Irma La Douce, when you get right down to it, is simply a cosy little musical about the work ethic. Irma's work is a bit more demanding than some, and she apparently gives it her full attention, but when she falls in love in the first scene with the naive law student who gallantly protects her from her own protector by waving his law book, her "bourgeois" emotion momentarily interrupts her career.

The girl has principles, however, and because "you can't live if you don't work", she stops indulging in pleasure and returns to dealing in it, supporting her law student with her earnings. Reluctant to take her work away from her, and jealous of the clients filing out of her bedroom, he devises a plan to keep her content. He impersonates a client who will pay her 10,000 francs a day for her exclusive services and pays her by recycling the money that she gives him every evening.

It gets wearing, particularly when he has to take a job as a floor polisher simply to pay the bar bill that comes from his new reputation as the best mec in Paris. When Irma's affections begin to move from Nestor-le-Fripe to his kindly impersonation, Oscar, Nestor takes the drastic step of apparently killing Oscar. That puts him on to Devil's Island, from which he will escape, and it should come as no surprise that it will be the tax collector who finally proves such a solid citizen innocent of murder.

What comes as a surprise to me is how flimsy the whole thing appears. In what should have been my formative years I saw Peter Brook's original production of the musical, and it is neither that nor Elizabeth Seal's performance that I remember but the later non-musical film.
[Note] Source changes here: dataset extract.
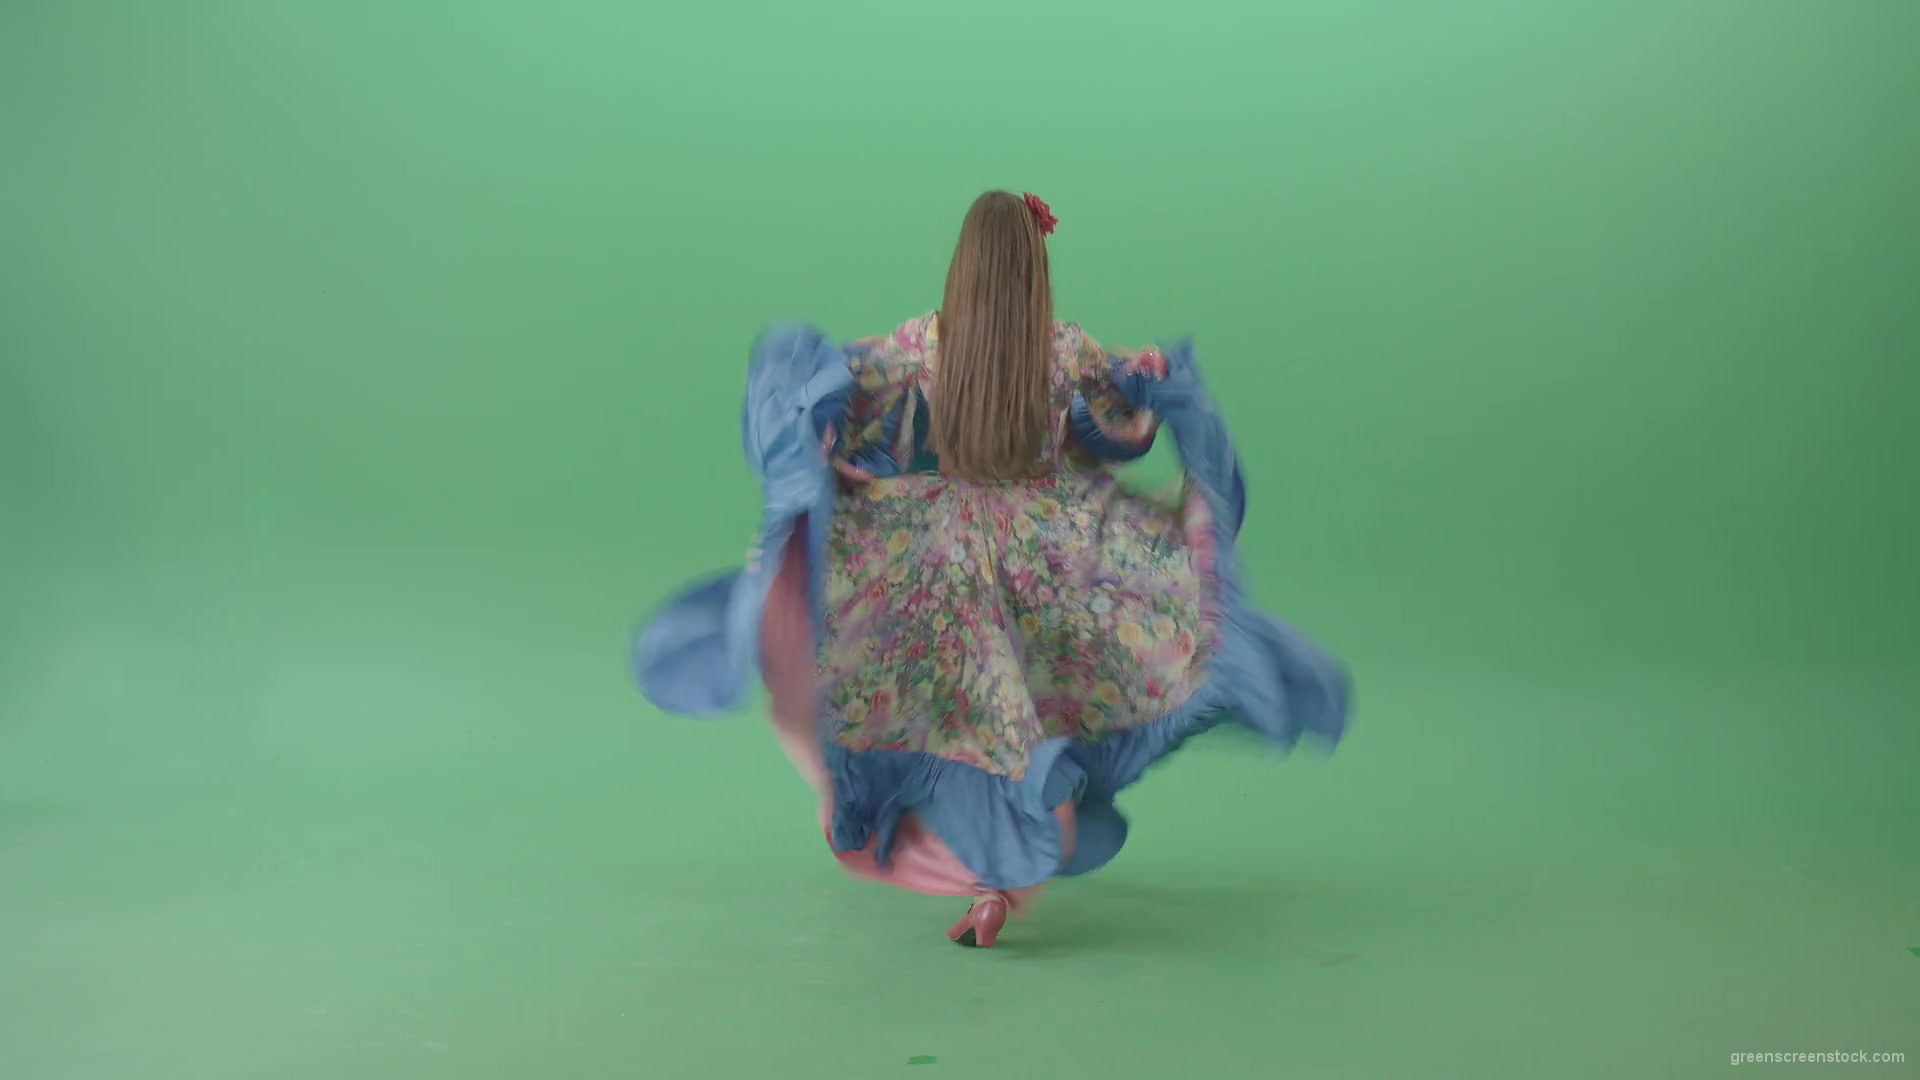 Dancing-gipsy-girl-waving-balkan-dress-from-back-view-isolated-on-green-screen-4K-Video-Stock-Footage-1920_008 Green Screen Stock
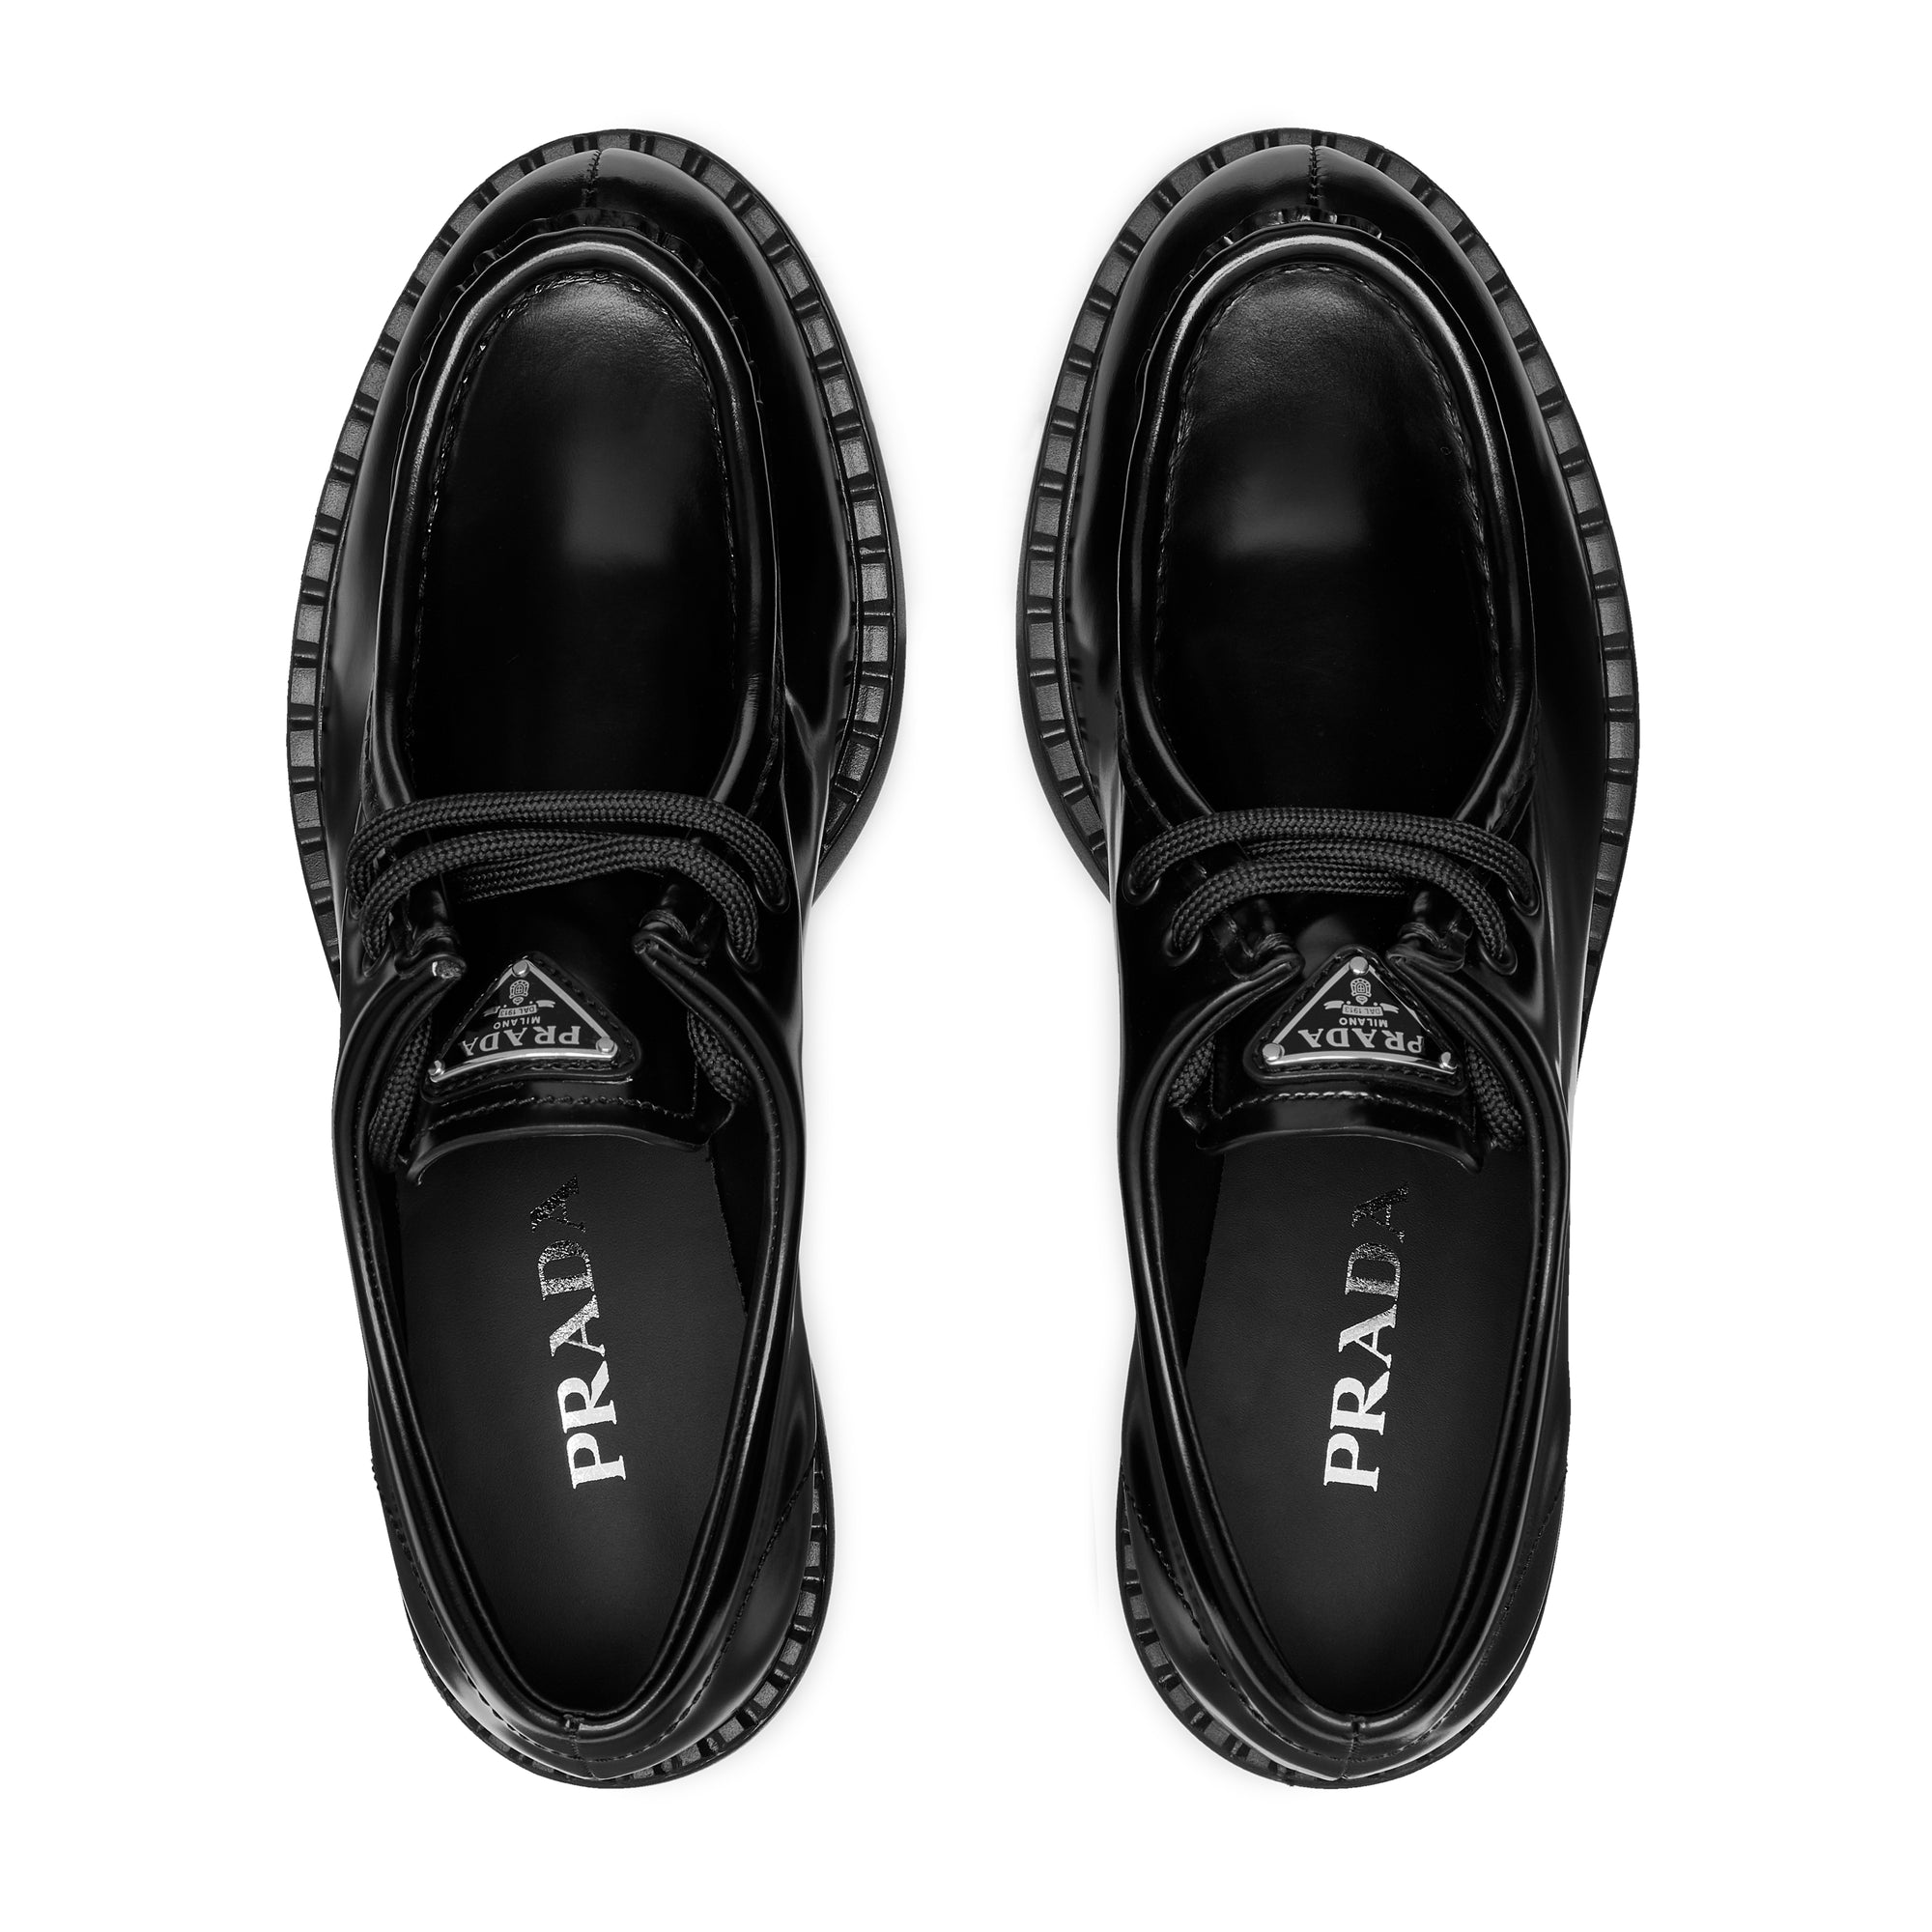 Prada - Women's Brushed Leather Lace-Up Shoes - (Nero) view 6

Marguerite Monnot's music does not, for instance, cry out to be whistled. It does, from time to time, allow dancers to kick their legs high. The book and lyrics by Julian More, David Heneker and Monty Norman do not stick in the memory. They do occasionally stick in the gullet, as in the last song, "Christmas Child", devoutly sung as a hymn to Irma's baby, but depending for its success on quite another child's nativity.

The whole thing seems to have been mounted as a tribute to the legs of Helen Gelzer who first showed them in London in Bubbling Brown Sugar. She also brings an interesting voice to the part, rich in the lower registers, but though she is the only woman in the cast of 17, hers is not the most demanding role. That belongs rather to Charles Dance in the double act of Nestor and Oscar and his best moment comes when he is alone, arguing between his two selves.

© Ned Chaillet


    Superb Irma Bubbles Like Brown Sugar

One could have wished for a more subtle and sophisticated production of "Irma La Douce" than the one now at the Shaftesbury, but I cannot help wishing this charming show well.

The musical took both Paris and London by storm some 20 years ago when it was considered daring and the last word in chic.

The revival lacks the dazzling stylishness of Peter Brook's direction but it boasts a superb Irma in Helen Gelzer, who first delighted us in the long-running "Bubbling Brown Sugar".

Like brown sugar, this adorable Irma is sweet and unrefined. And she certainly bubbles. A girl of the streets who helps all Paris to relax, she is incandescent with vitality. When singing, her big generous mouth produces the deepest and wildest of notes, and her legs are quite simply the loveliest in London.

The mischievous little plot tells how Irma falls in love with a penniless law student, who becomes jealous of her numerous admirers. So he dons a false beard, to provide her with her dream millionaire, only to discover that she prefers the imposter to himself.

The show is directed and choreographed by Billy Wilson, whose over-anxious American methods lash it into a frenzy which does not always suit its delicate wit. The atmosphere of back-street Montmartre is suggested so jokily that there is no time to hint at that idelness of the heart which leads to sin -- and which is half the point.

But the music of Marguerite Monnot remains delicious, as do the lyrics of Julian More, David Heneker and Monty Norman. Of the 16 men who act as foil to Miss Gelzer, I like both the lawyer of Charles Dance and the bistro-keeper of Bernard Spear, and I commend them all for their lusty choral singing.